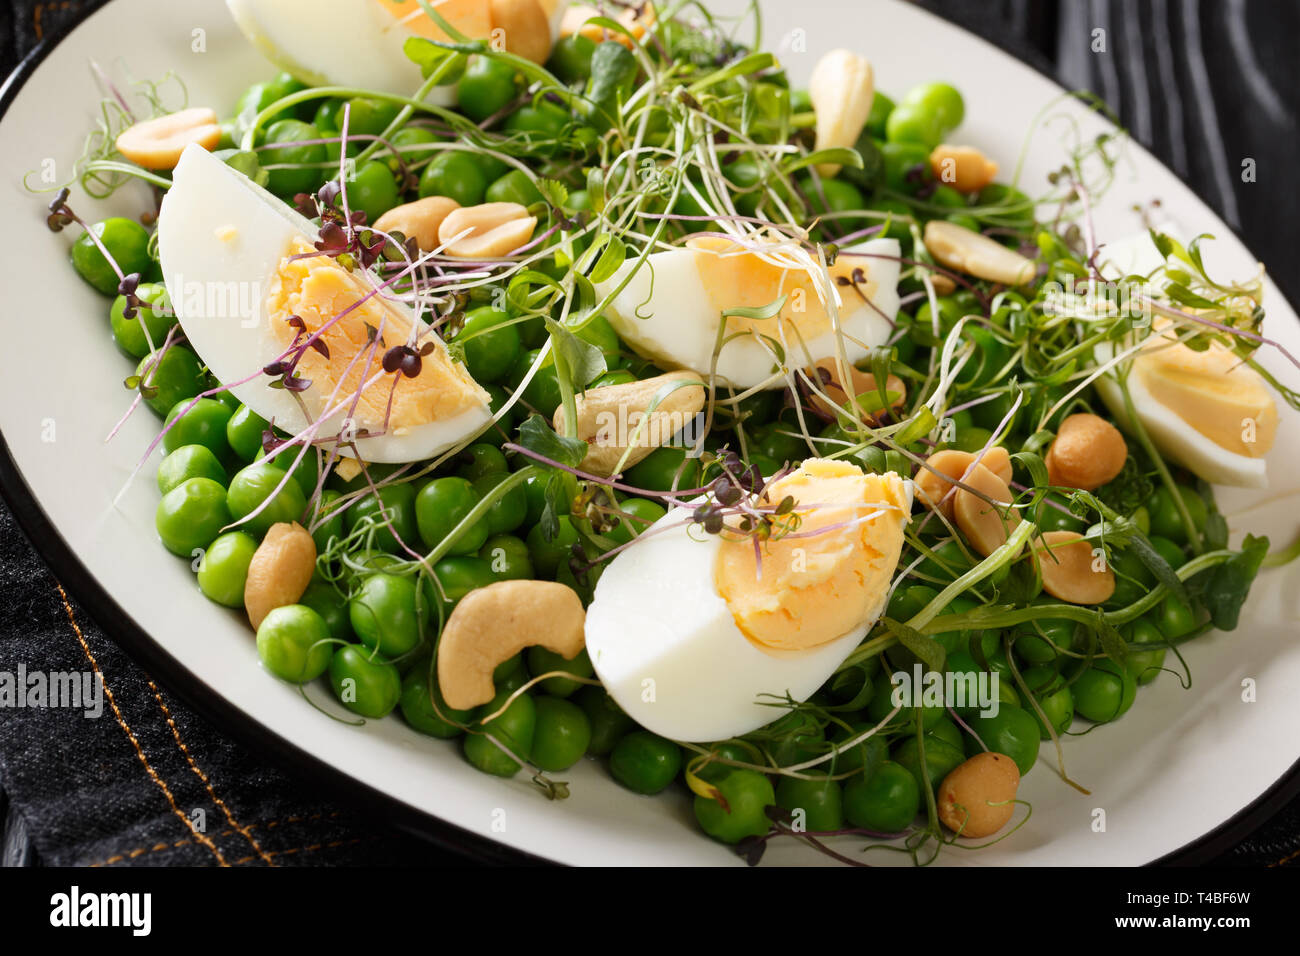 Leckeren, gesunden Salat von grünen Erbsen, micro Grüns, Nüsse und Eier close-up auf einem Schild auf dem Tisch gekocht. Horizontale Stockfoto
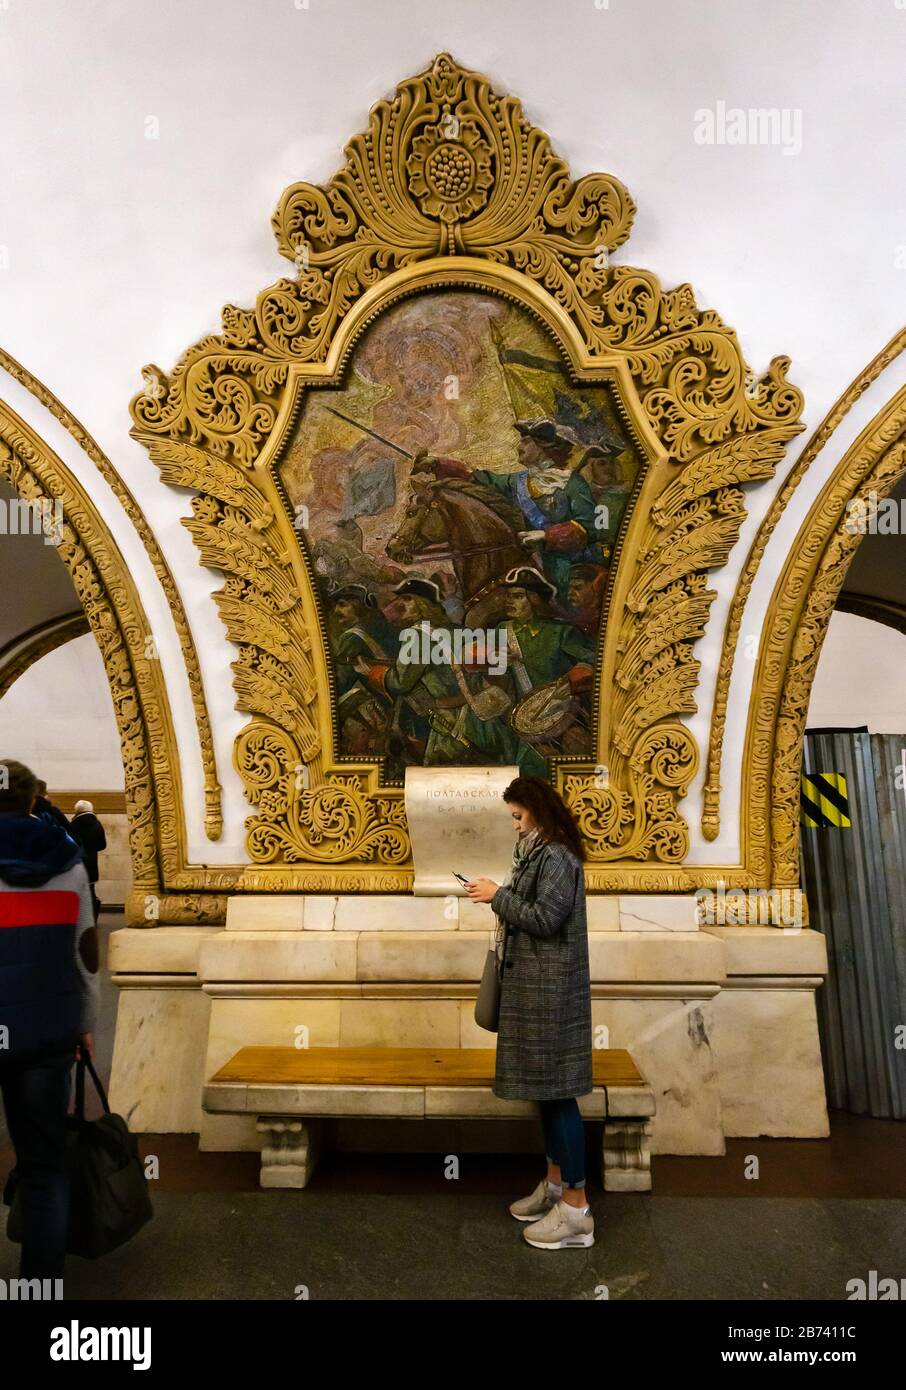 Ornato mosaico opere d'arte decorazione di A.V. Myzin celebra l'unità russo-Ucraina, stazione della metropolitana Kiyevskaya, metropolitana o metropolitana di Mosca, Russia Foto Stock
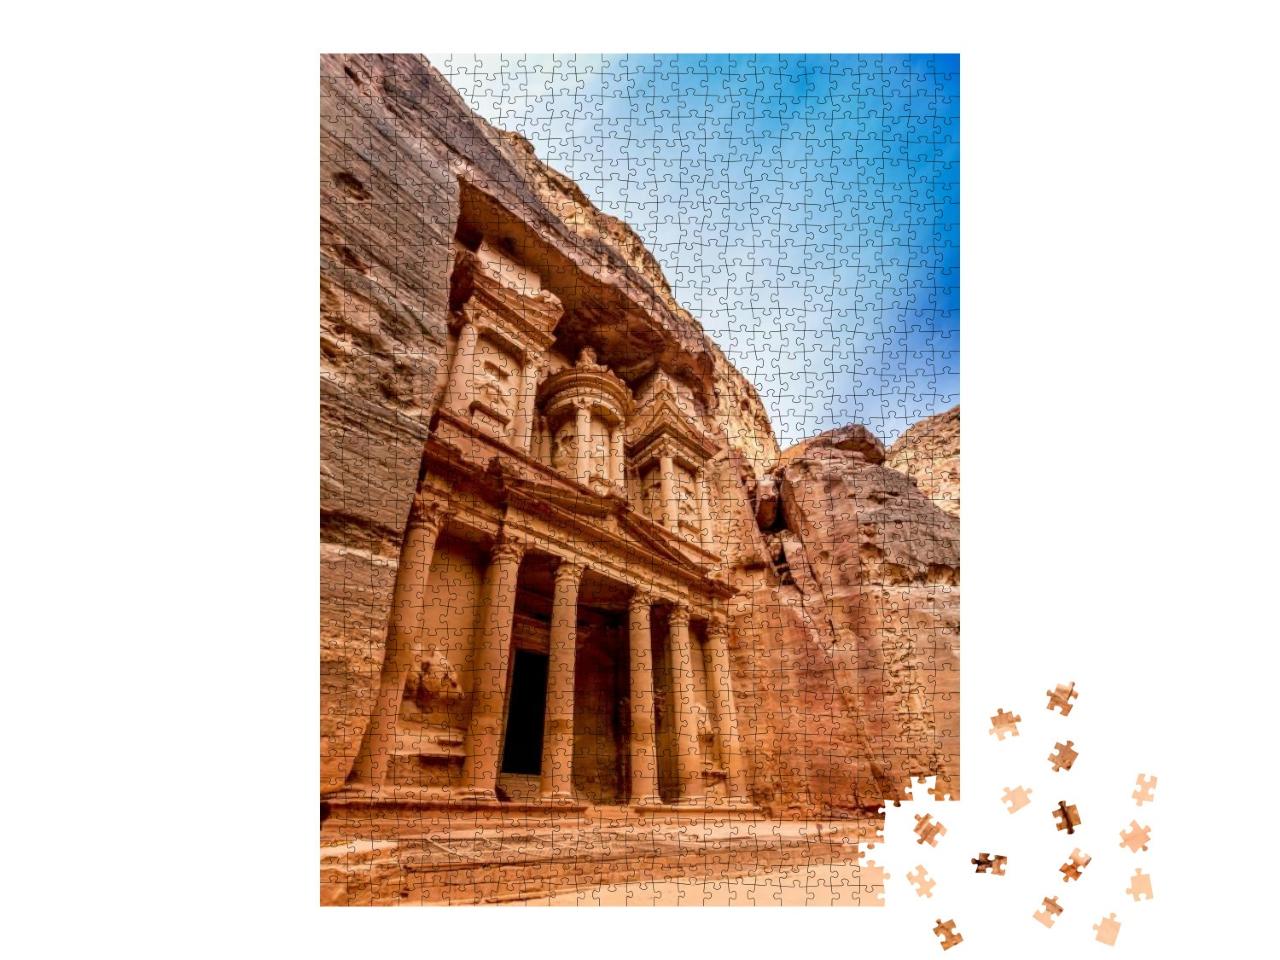 Puzzle 1000 Teile „Die Schatzkammer in Jordanien, Petra“
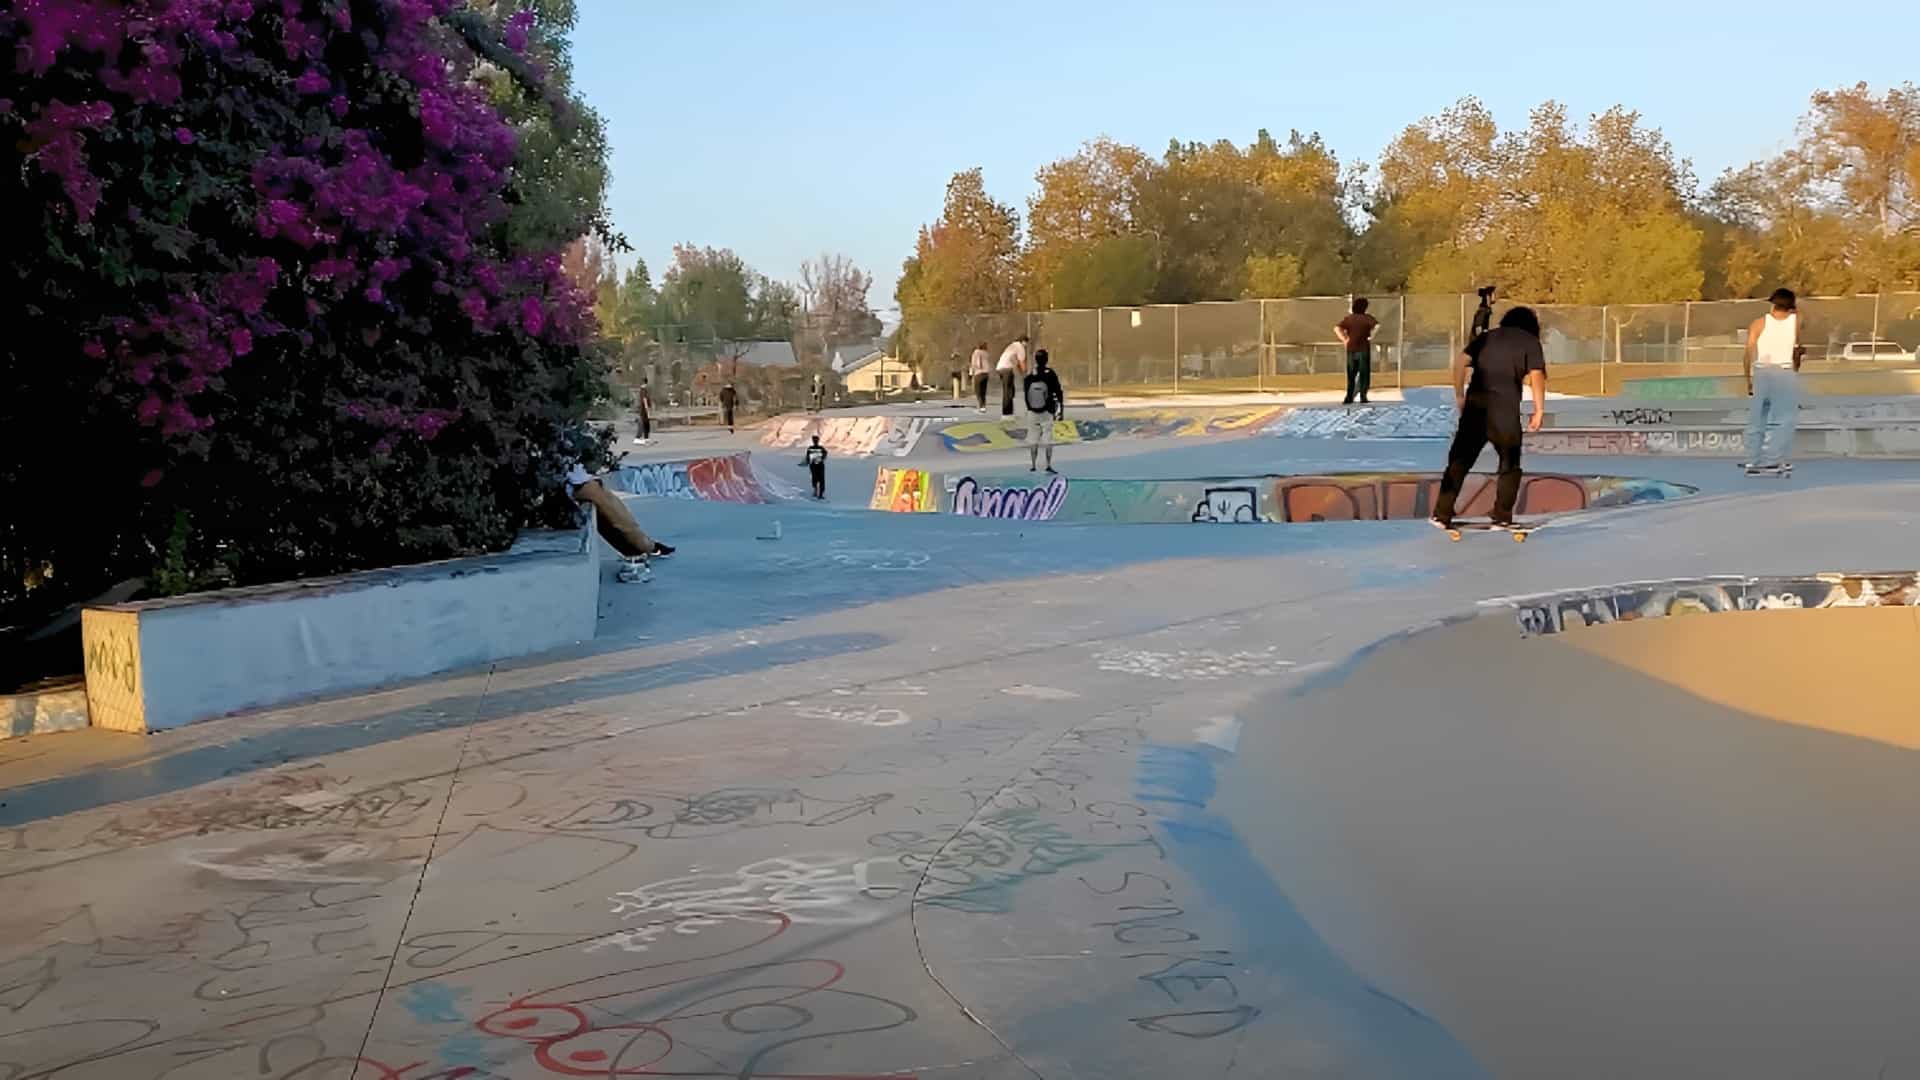 Pedlow Field Skate Park, Los Angeles
+++
» **Work request**: Make an exact copy of the data, leaving its pictures out.

» **Finished task**:
 Leckeren, gesunden Salat von grünen Erbsen, micro Grüns, Nüsse und Eier close-up auf einem Schild auf dem Tisch gekocht. Horizontale Stockfoto
 Ornato mosaico opere d'arte decorazione di A.V. Myzin celebra l'unità russo-Ucraina, stazione della metropolitana Kiyevskaya, metropolitana o metropolitana di Mosca, Russia Foto Stock
 Puzzle 1000 Teile „Die Schatzkammer in Jordanien, Petra“
 Pedlow Field Skate Park, Los Angeles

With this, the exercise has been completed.